**DIRECTIONS FOR THIS TASK:** In the answer, each entry below appears exactly as given, and no picture appears at all.
- Opening Delimiter -
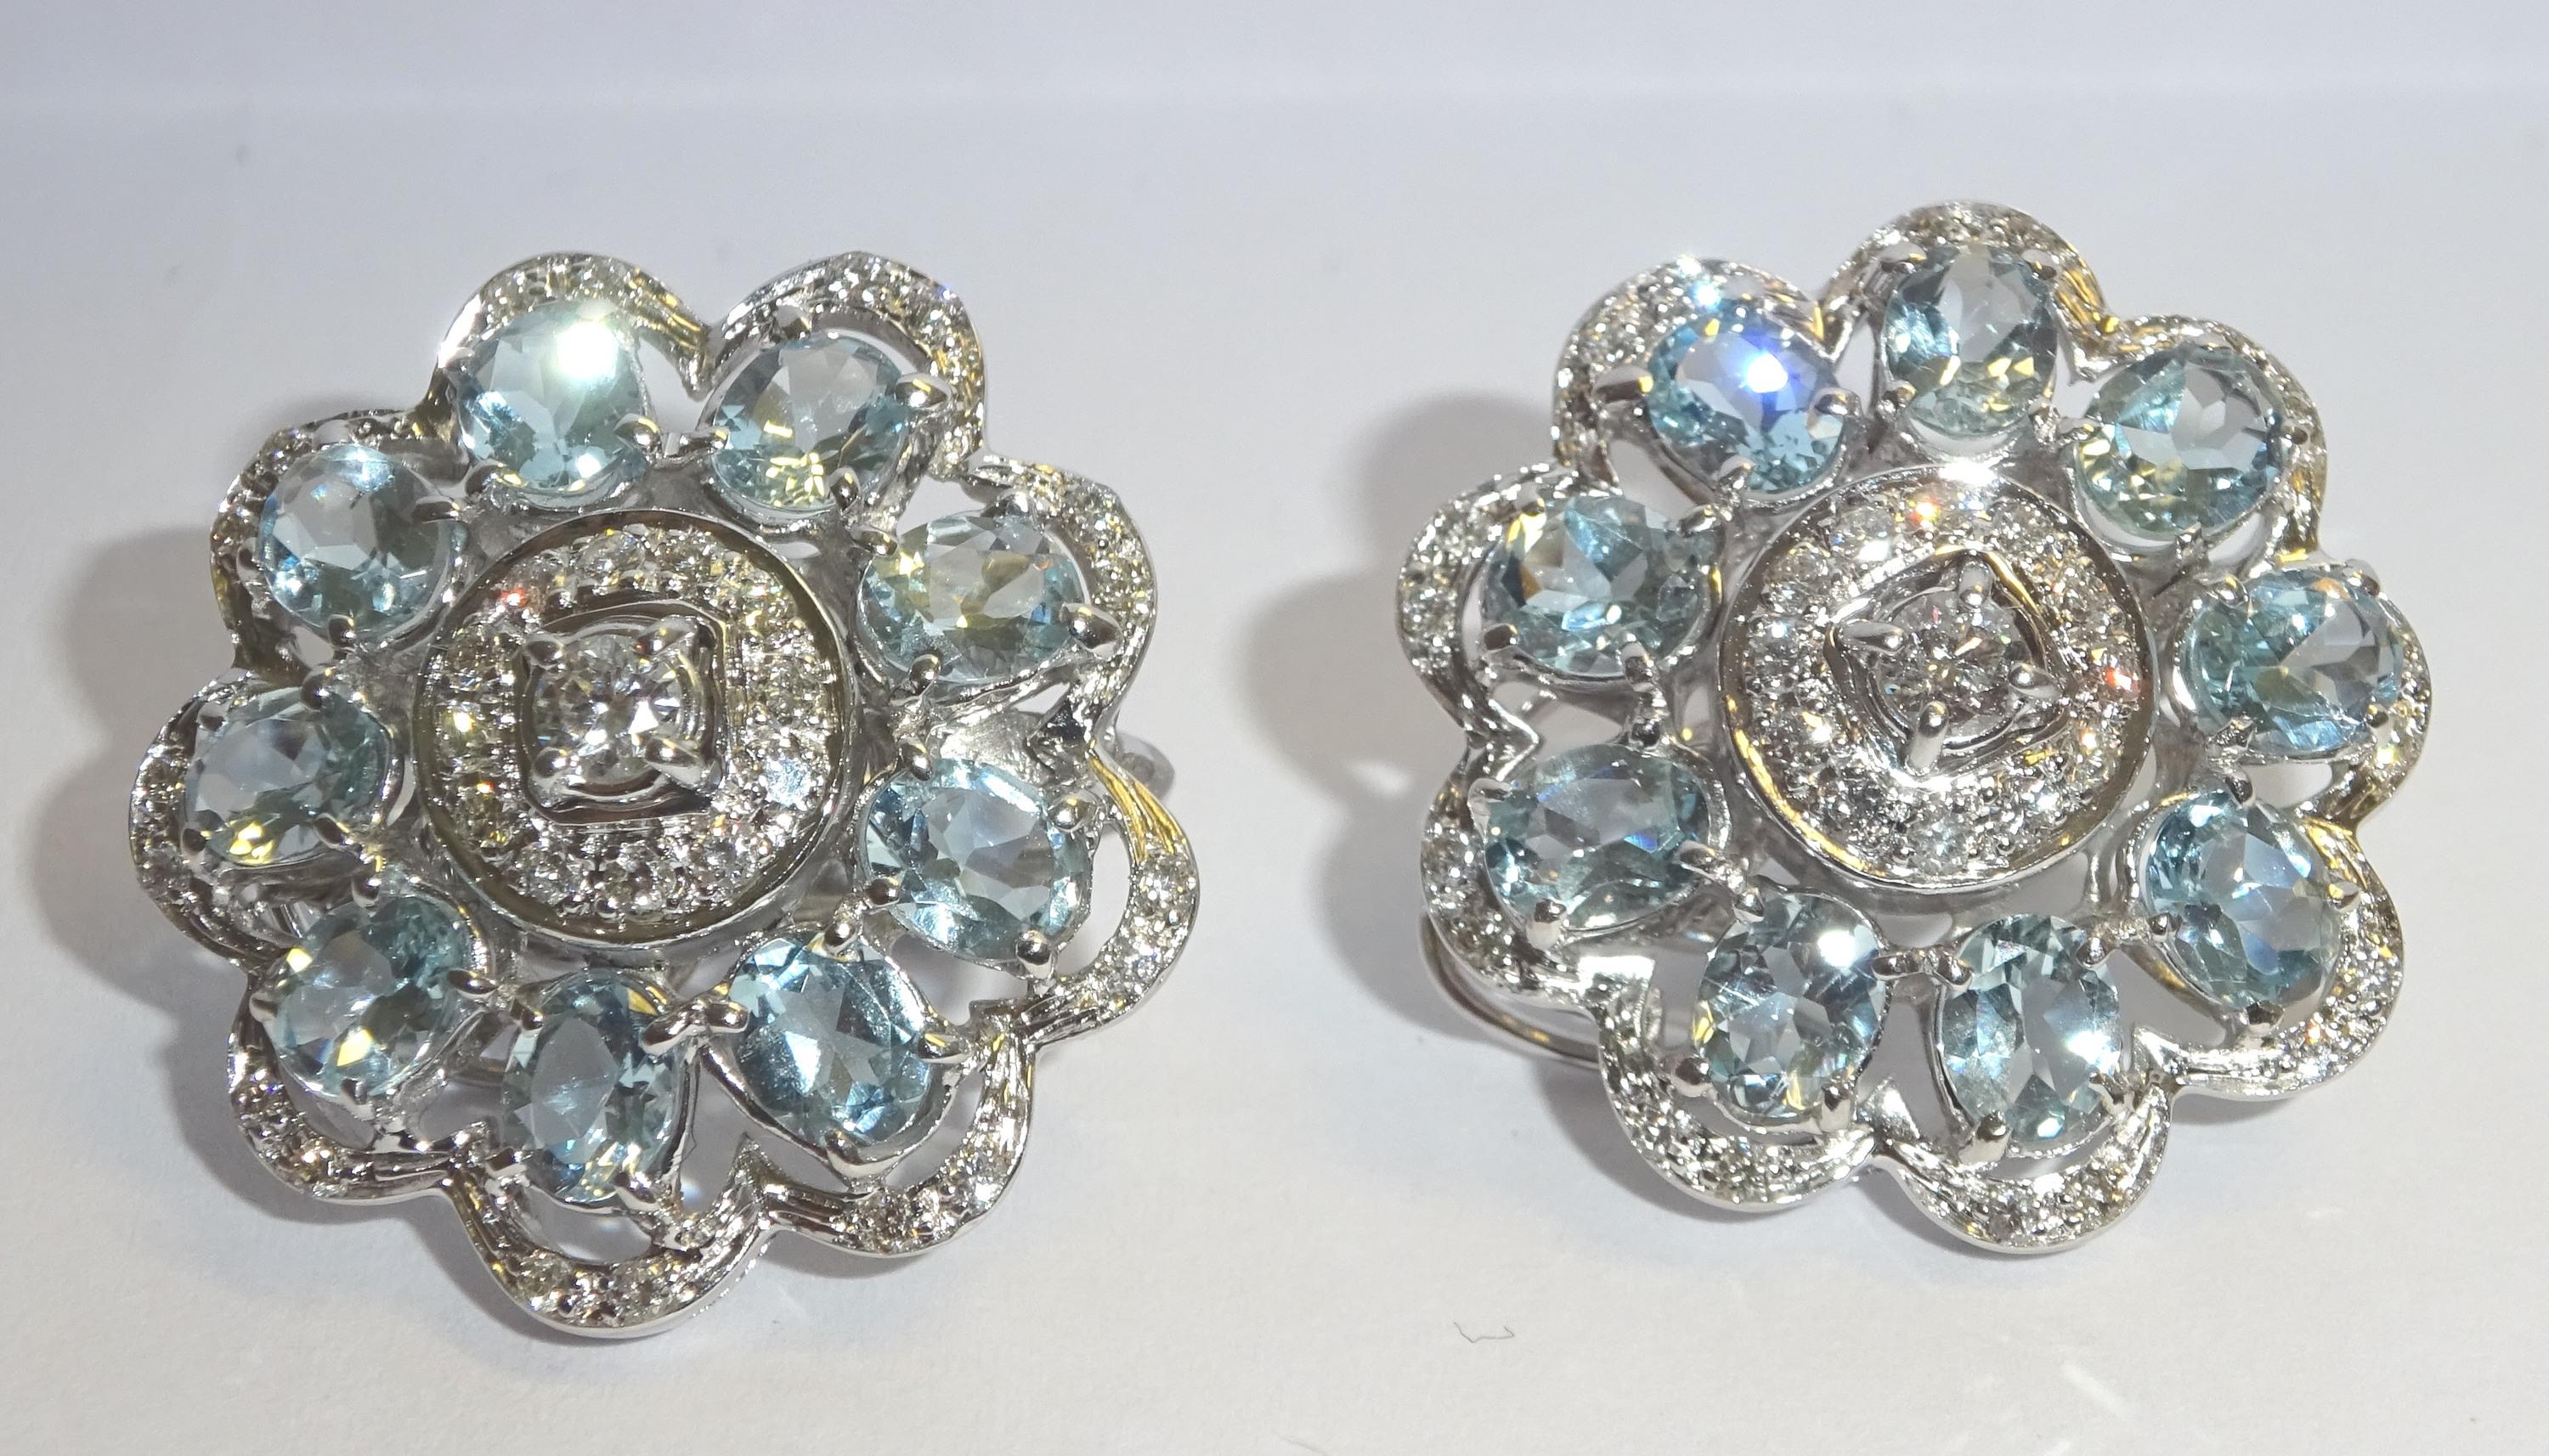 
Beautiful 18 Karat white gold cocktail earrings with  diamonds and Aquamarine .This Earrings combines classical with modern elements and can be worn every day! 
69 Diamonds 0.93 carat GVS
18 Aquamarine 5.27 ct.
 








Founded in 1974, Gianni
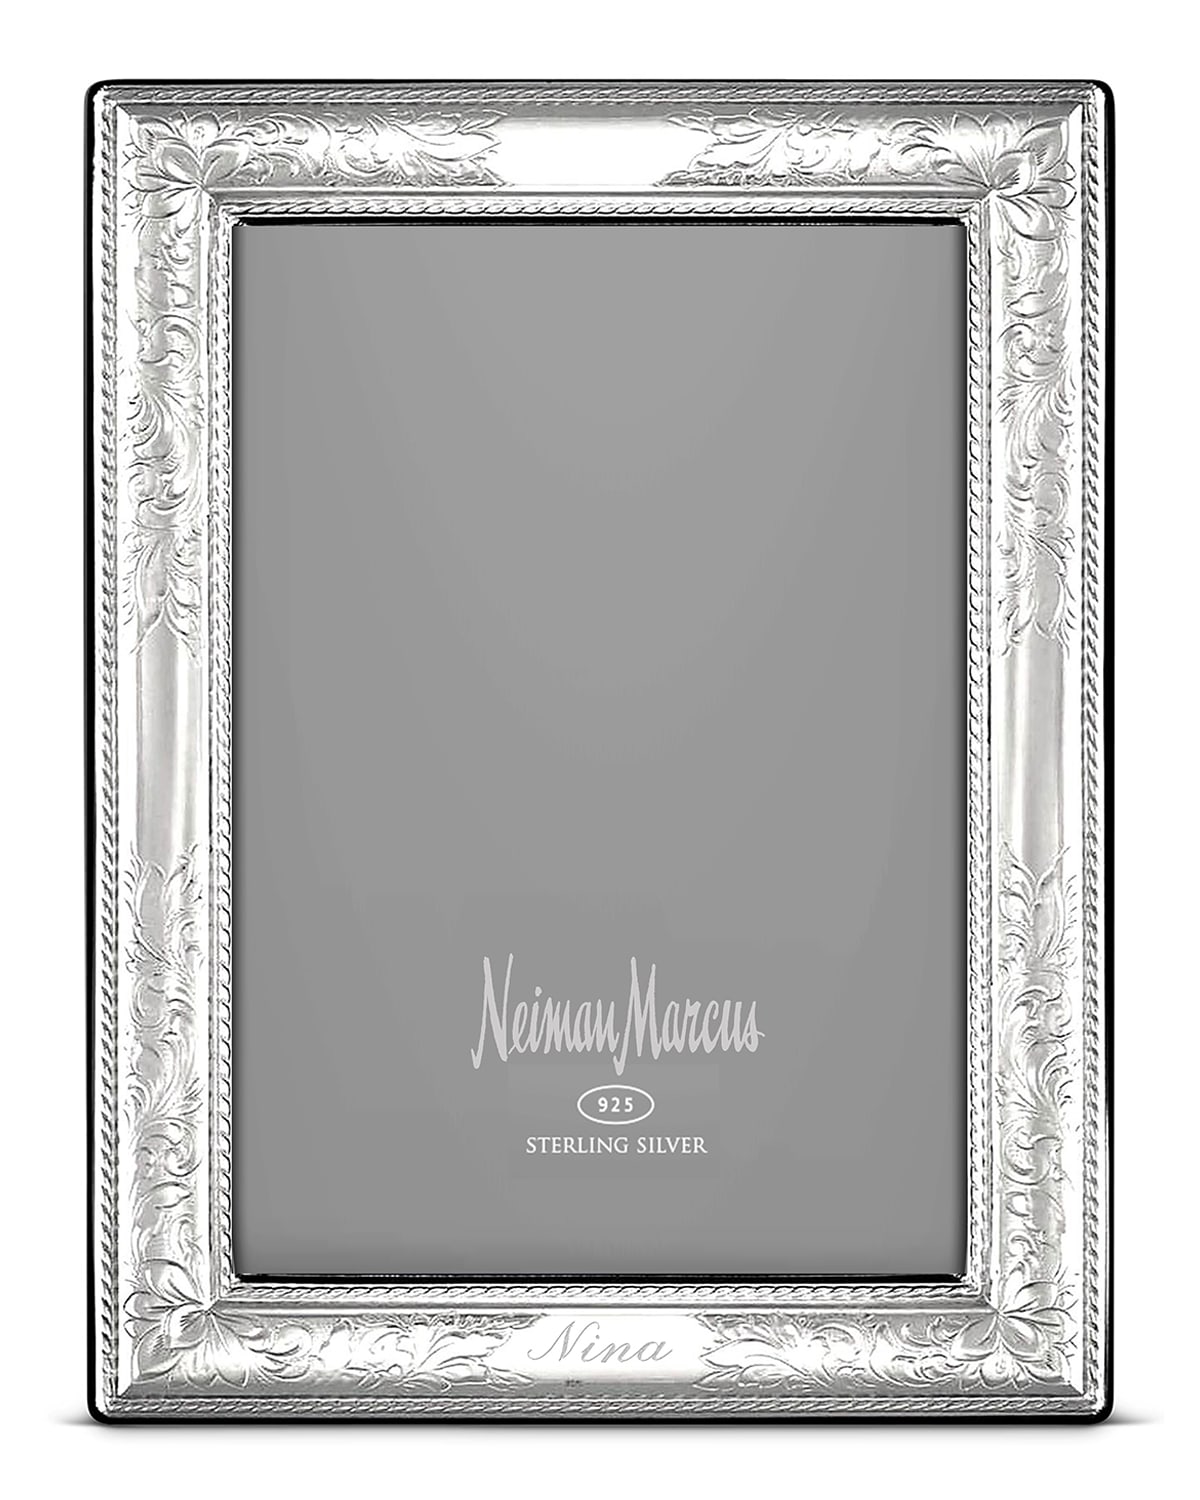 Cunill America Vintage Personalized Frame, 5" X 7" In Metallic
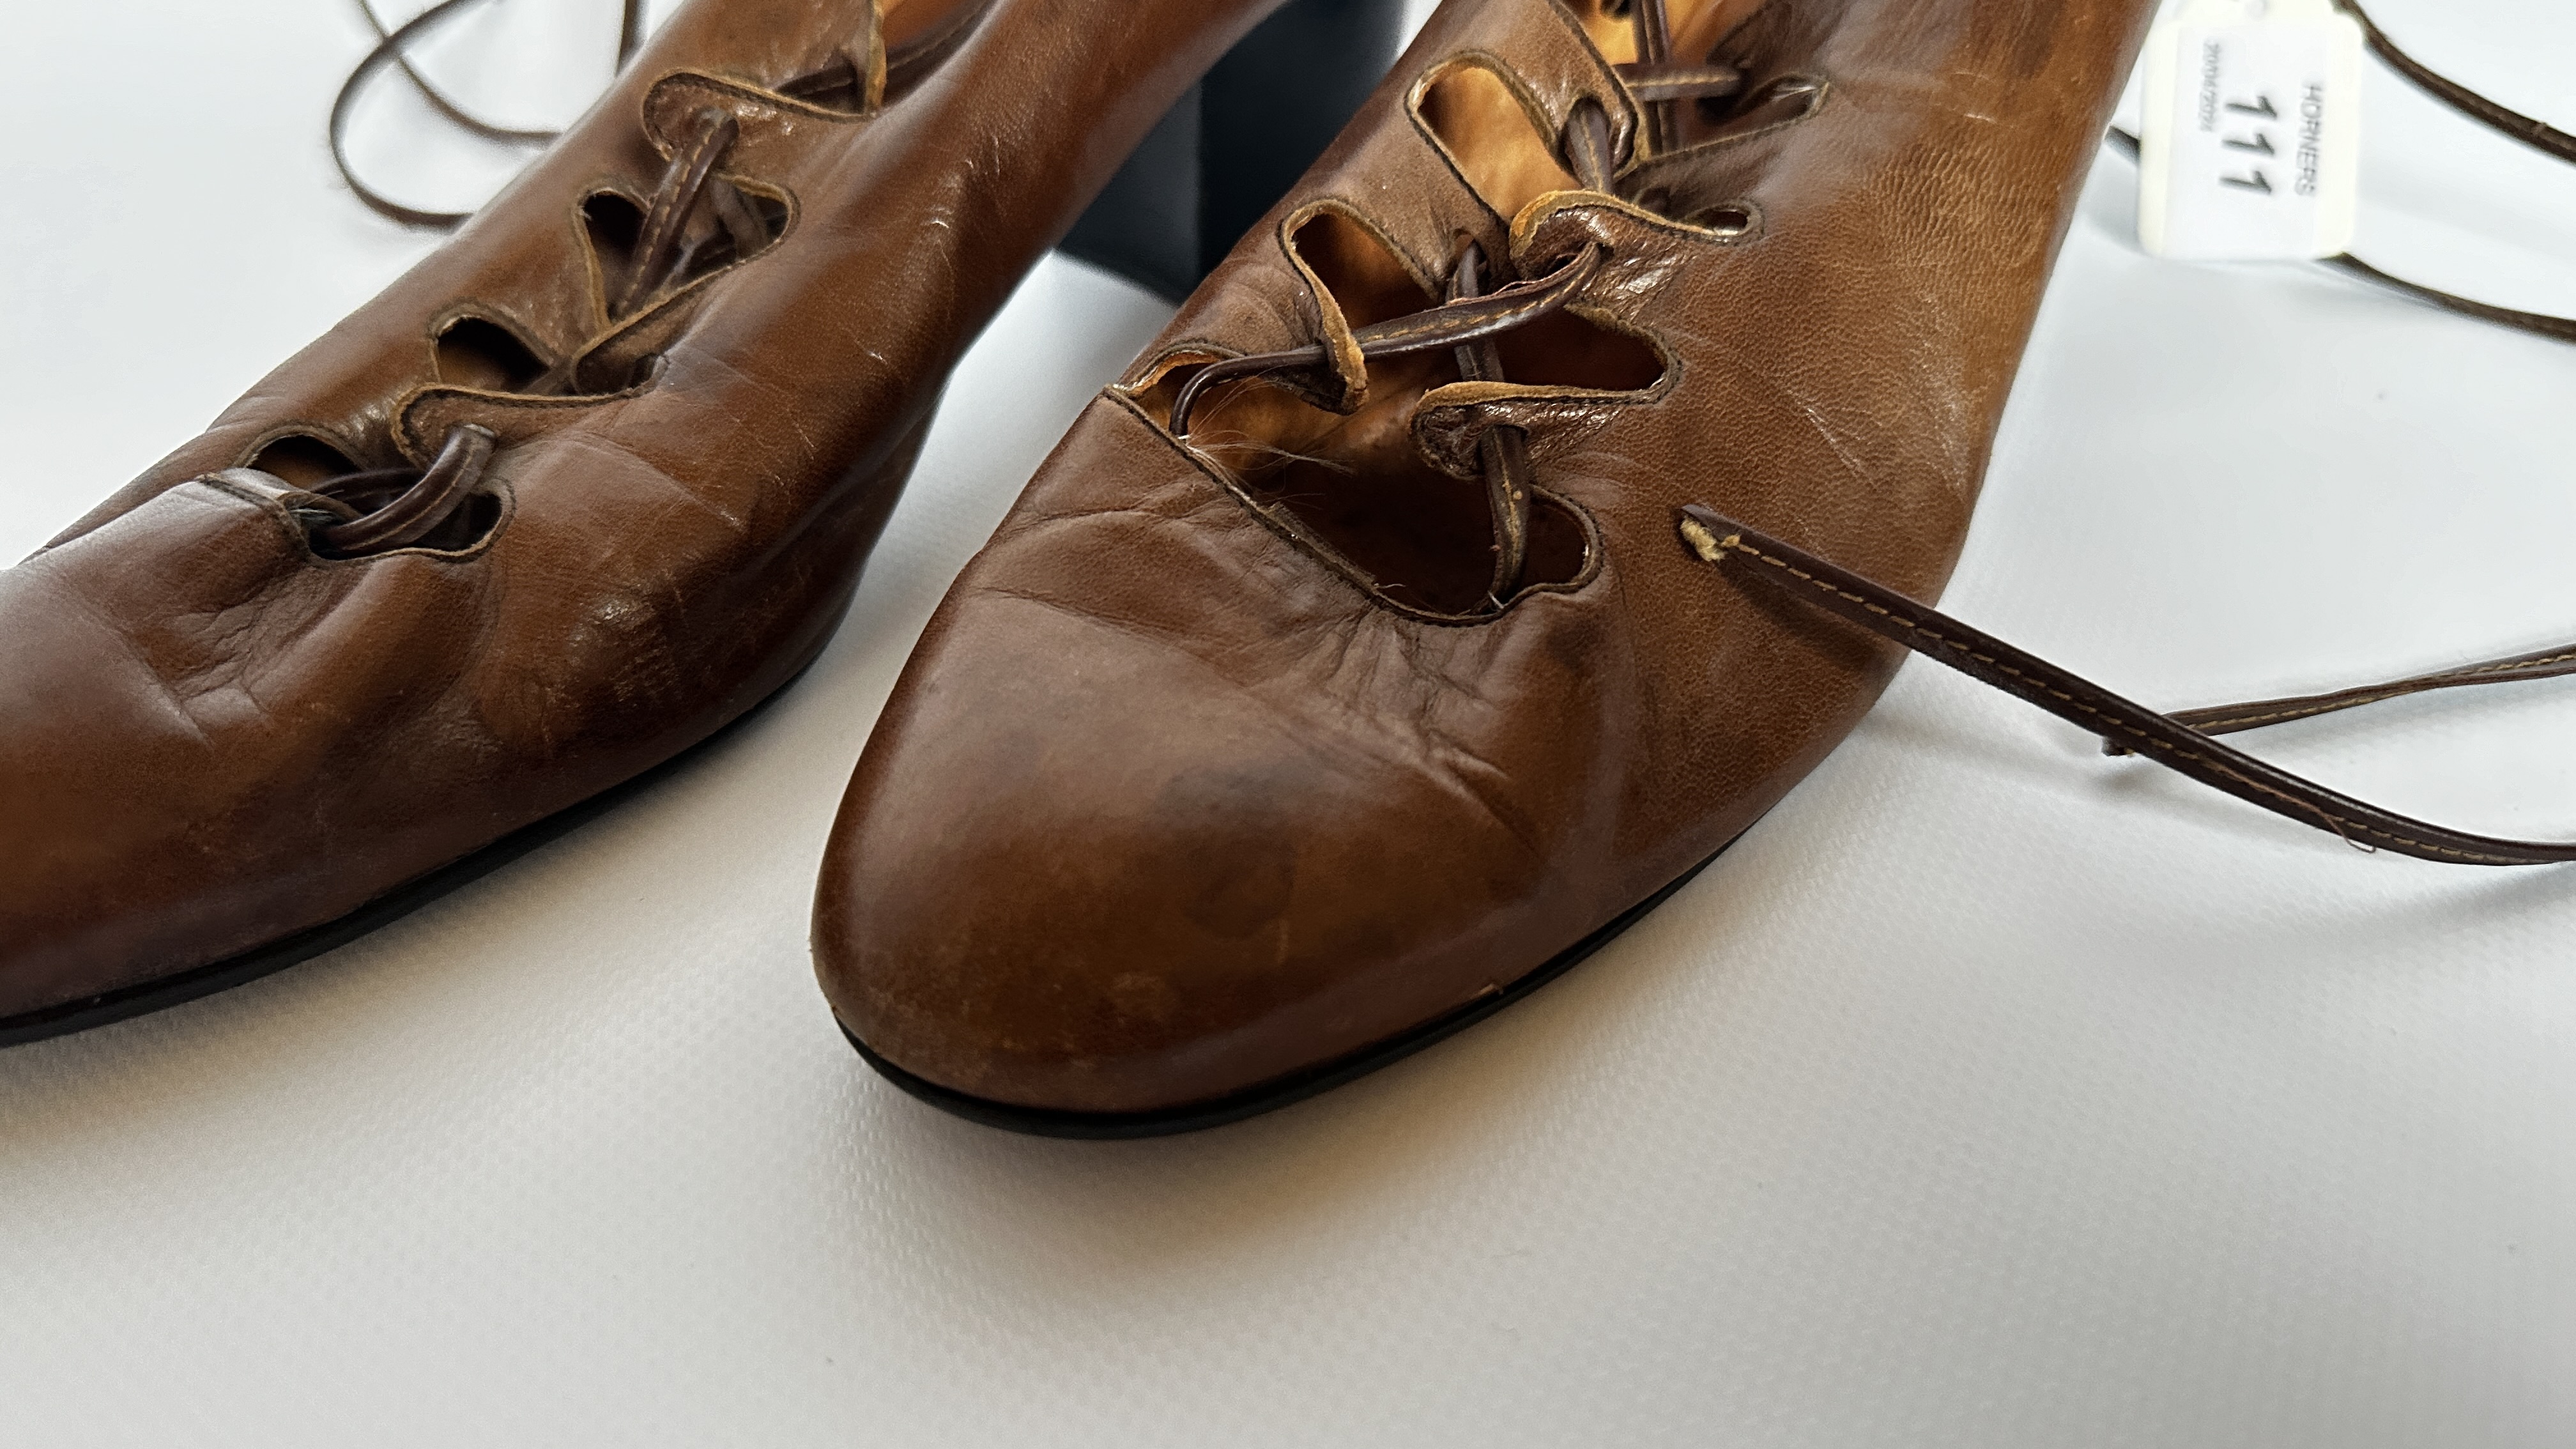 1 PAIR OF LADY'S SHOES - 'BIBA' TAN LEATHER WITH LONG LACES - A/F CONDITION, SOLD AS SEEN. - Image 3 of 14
- Closing Delimiter -
**EXERCISE OUTPUT:**
Beautiful 18 Karat white gold cocktail earrings with  diamonds and Aquamarine .This Earrings combines classical with modern elements and can be worn every day! 
69 Diamonds 0.93 carat GVS
18 Aquamarine 5.27 ct.
 








Founded in 1974, Gianni
 Cunill America Vintage Personalized Frame, 5" X 7" In Metallic
 1 PAIR OF LADY'S SHOES - 'BIBA' TAN LEATHER WITH LONG LACES - A/F CONDITION, SOLD AS SEEN. - Image 3 of 14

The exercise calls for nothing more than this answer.